Zasady wyznaczone przez rozporządzenie z dnia 12 kwietnia 2002 r. bywają dość skomplikowane. Przykład mogą stanowić przydomowe wiaty o powierzchni do 50 mkw., czyli budowle, które inwestorzy obecnie wznoszą bez pozwolenia i zgłoszenia (pod warunkiem nieprzekroczenia limitu wynoszącego dwie wiaty na każde 1000 mkw. działki). Jeżeli nowa wiata będzie miejscem postoju auta, to należy ją odsunąć na co najmniej 7 metrów od okien domu/bloku i 3 metry względem granicy działki innej niż drogowa. Jeśli natomiast wiata nie będzie pełniła funkcji miejsca postojowego lub składu opału i nie można jej uznać za budynek ze względu na nieobecność ścian, to dopuszczalne jest usytuowanie takiej budowli bez limitu odległości od granicy działki/domu (pod warunkiem zgodności z planem miejscowym).
Duże znaczenie mają również przepisy przeciwpożarowe
Eksperci portalu RynekPierwotny.pl nieprzypadkowo wybrali przykład wiaty jako obiektu wznoszonego bez formalności. Przy okazji tego przykładu, można zwrócić uwagę na znaczenie przepisów przeciwpożarowych. Wiaty bywają bowiem wykorzystywane jako składy opału (najczęściej drewna). Takie zastosowanie wiaty wymaga dodatkowego spełnienia przepisów Rozporządzenia Ministra Spraw Wewnętrznych i Administracji z dnia 7 czerwca 2010 r. w sprawie ochrony przeciwpożarowej budynków, innych obiektów budowlanych i terenów (Dz.U. 2010 nr 109 poz. 719).
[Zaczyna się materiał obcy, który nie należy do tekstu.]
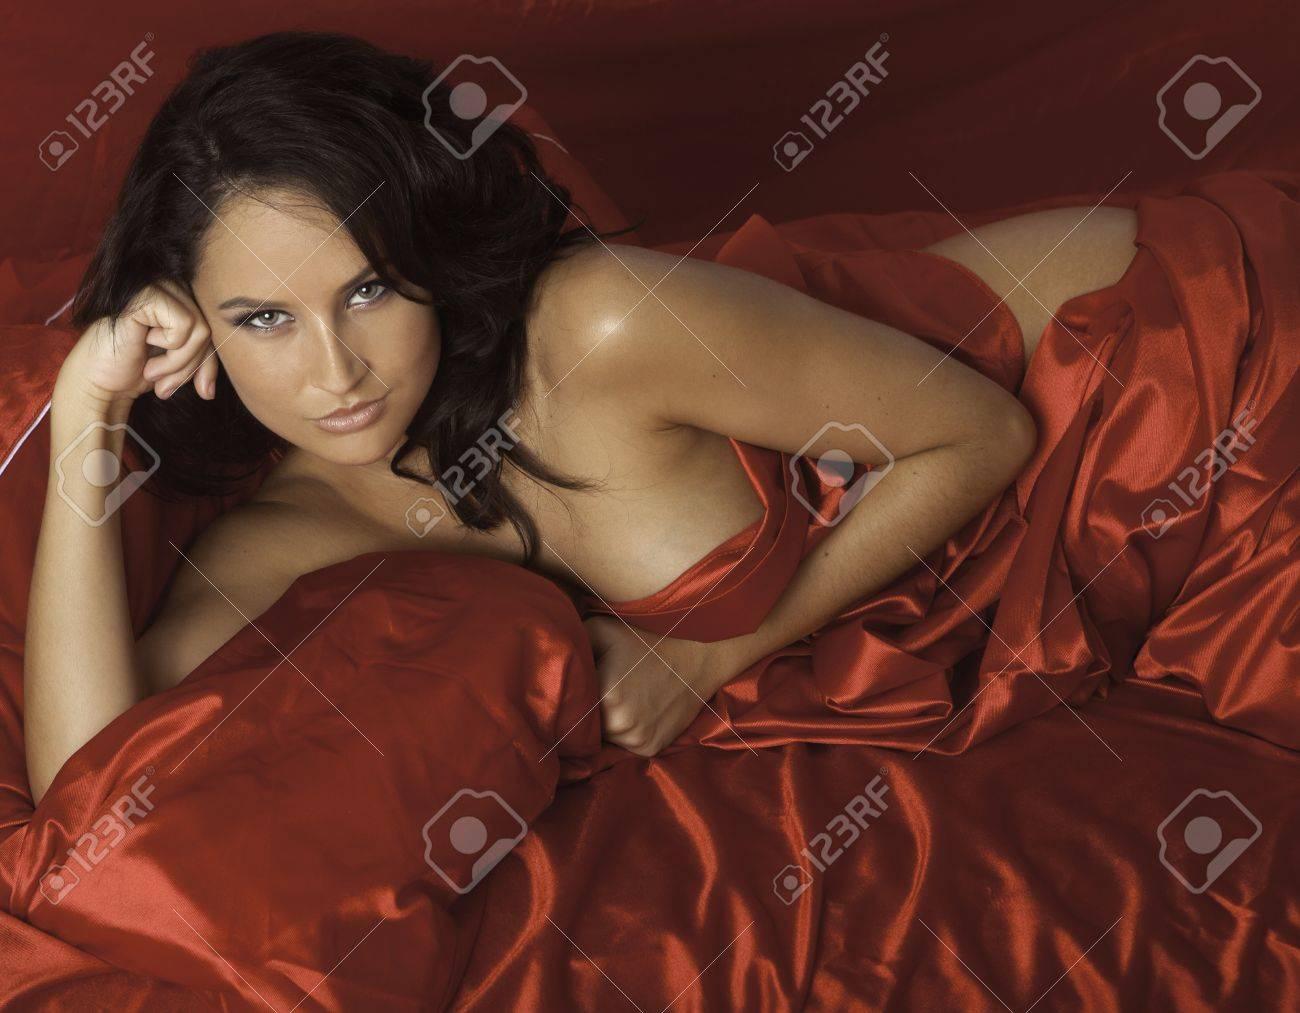 beautiful woman on red satin sheets Stock Photo - 20570575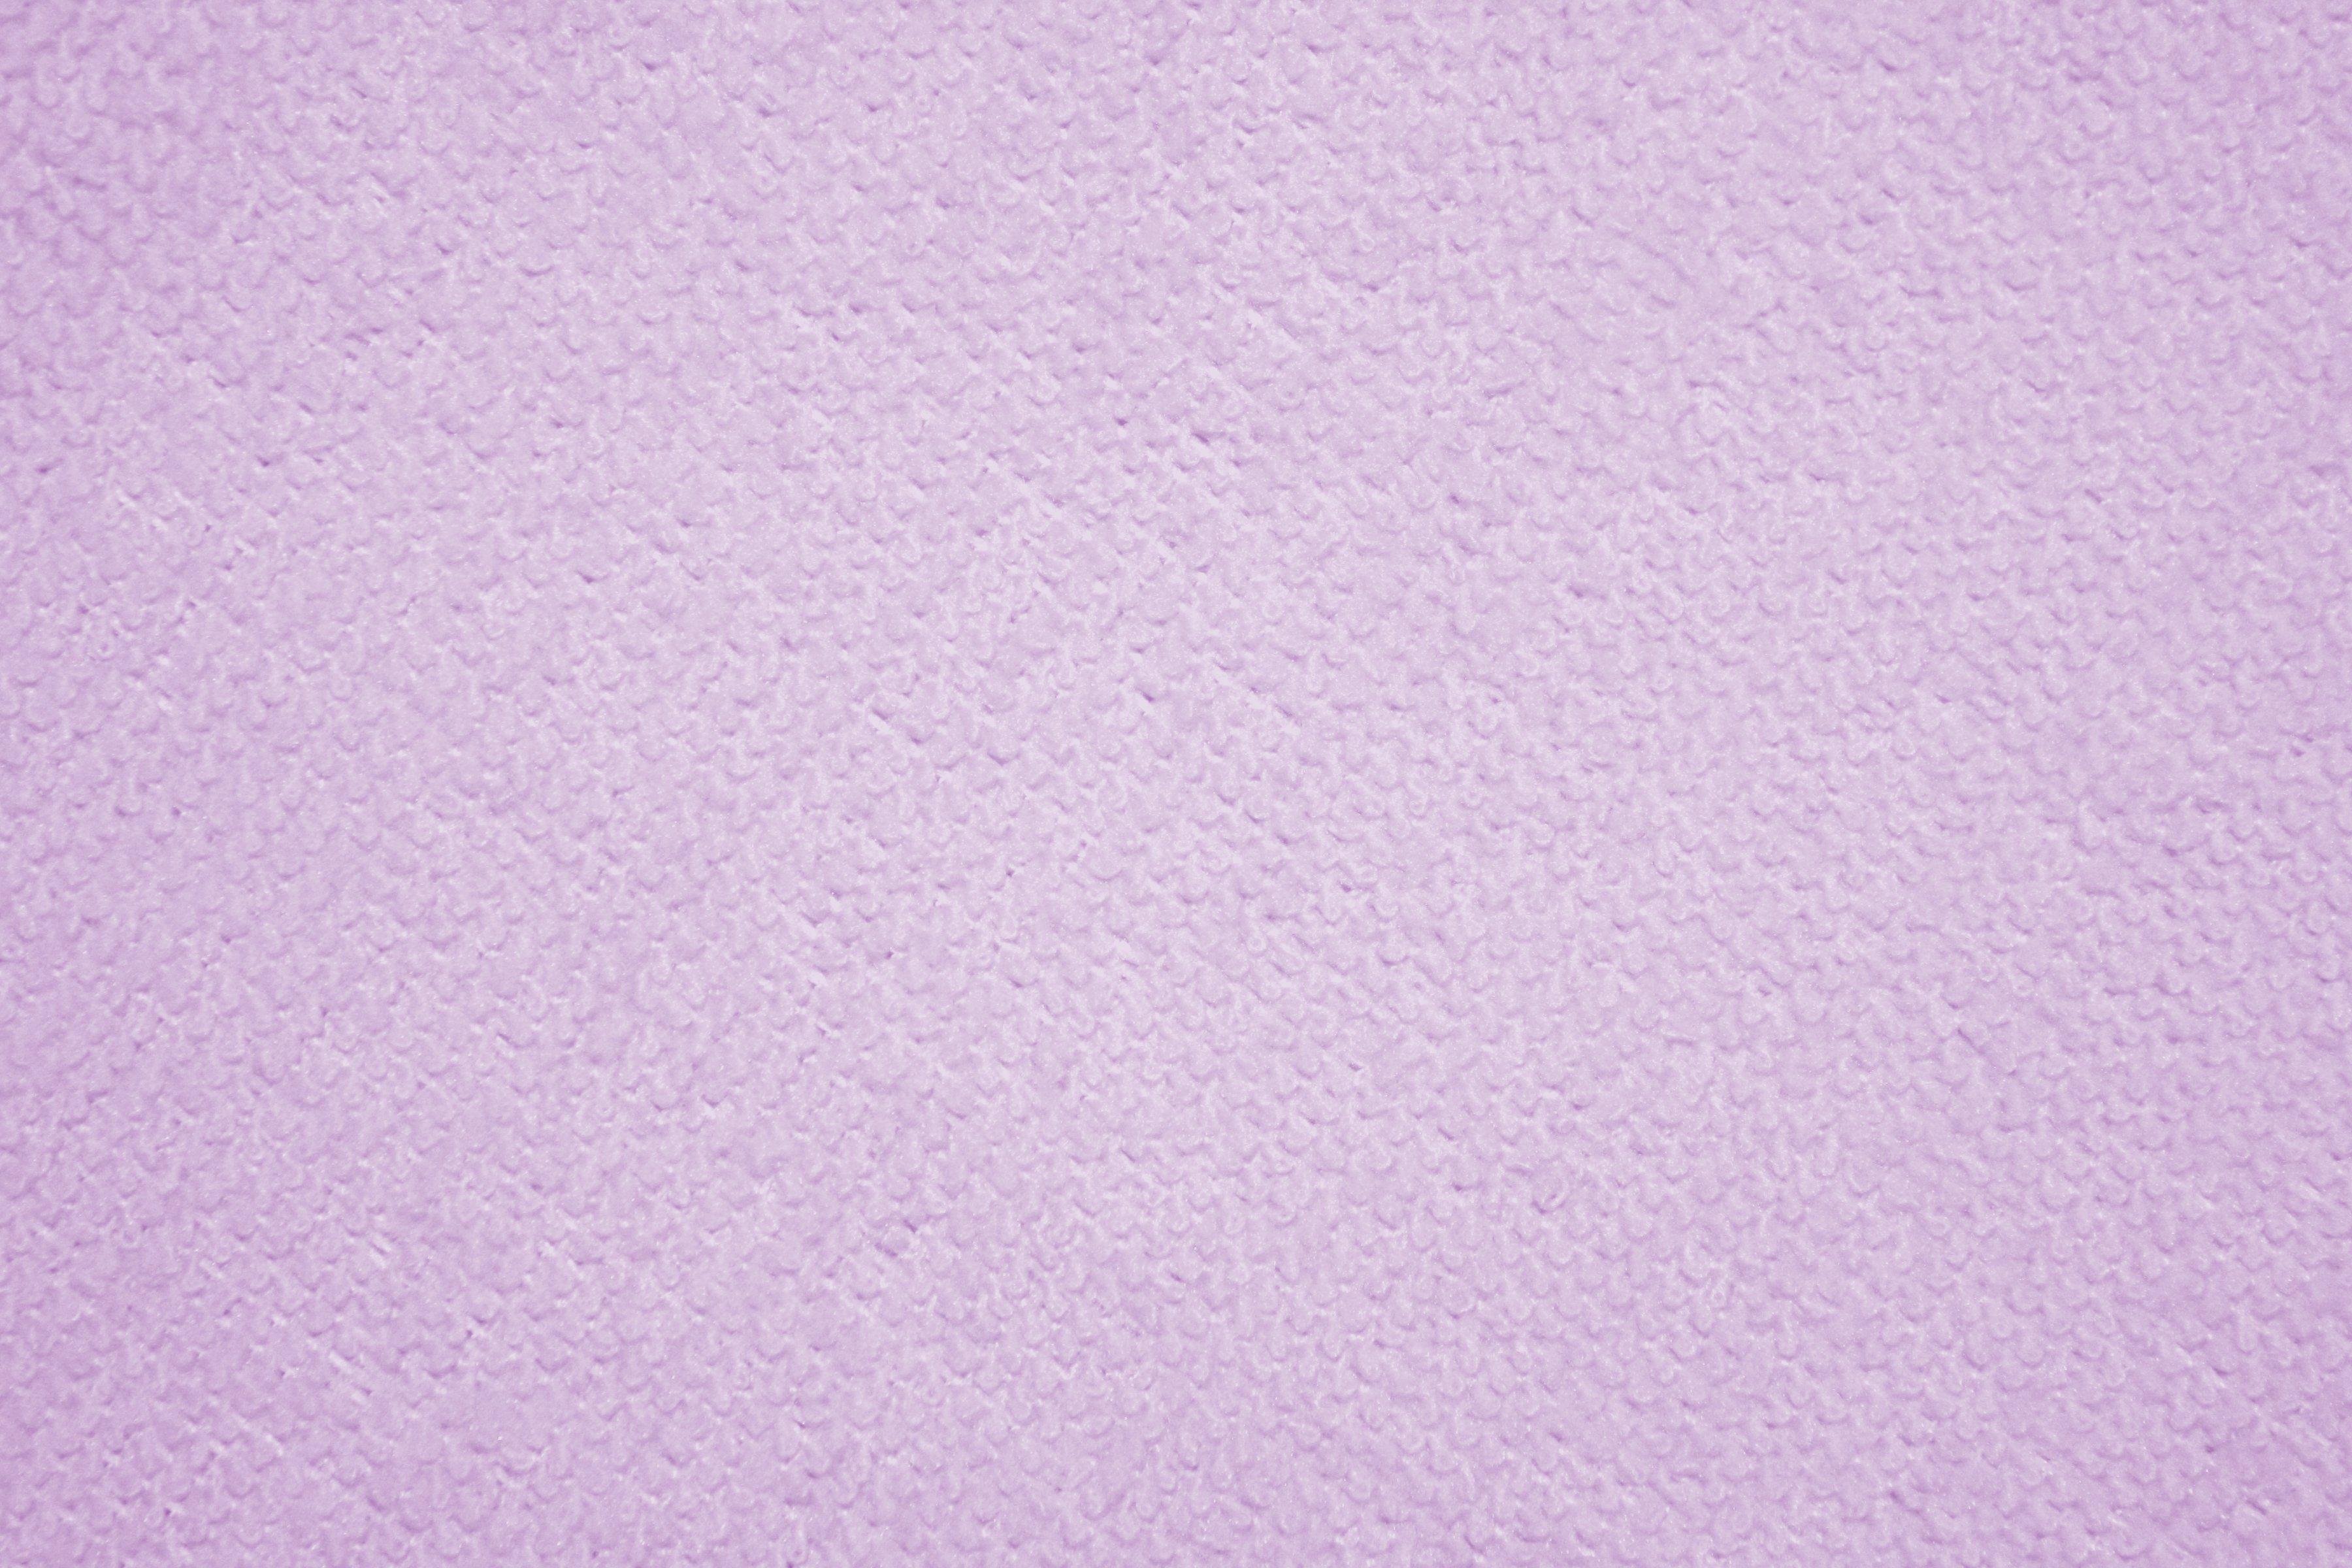 Off White Plastic Texture Dusty Purple Microfibe...

Wspomniany akt prawny mówi, że materiały palne nie powinny być składowane (poza budynkiem) w odległości mniejszej niż 4 metry od granicy działki. Oczywiście, konieczność przestrzegania przepisów przeciwpożarowych obejmuje wszystkie obiekty wznoszone bez formalności, a więc nie tylko wiaty.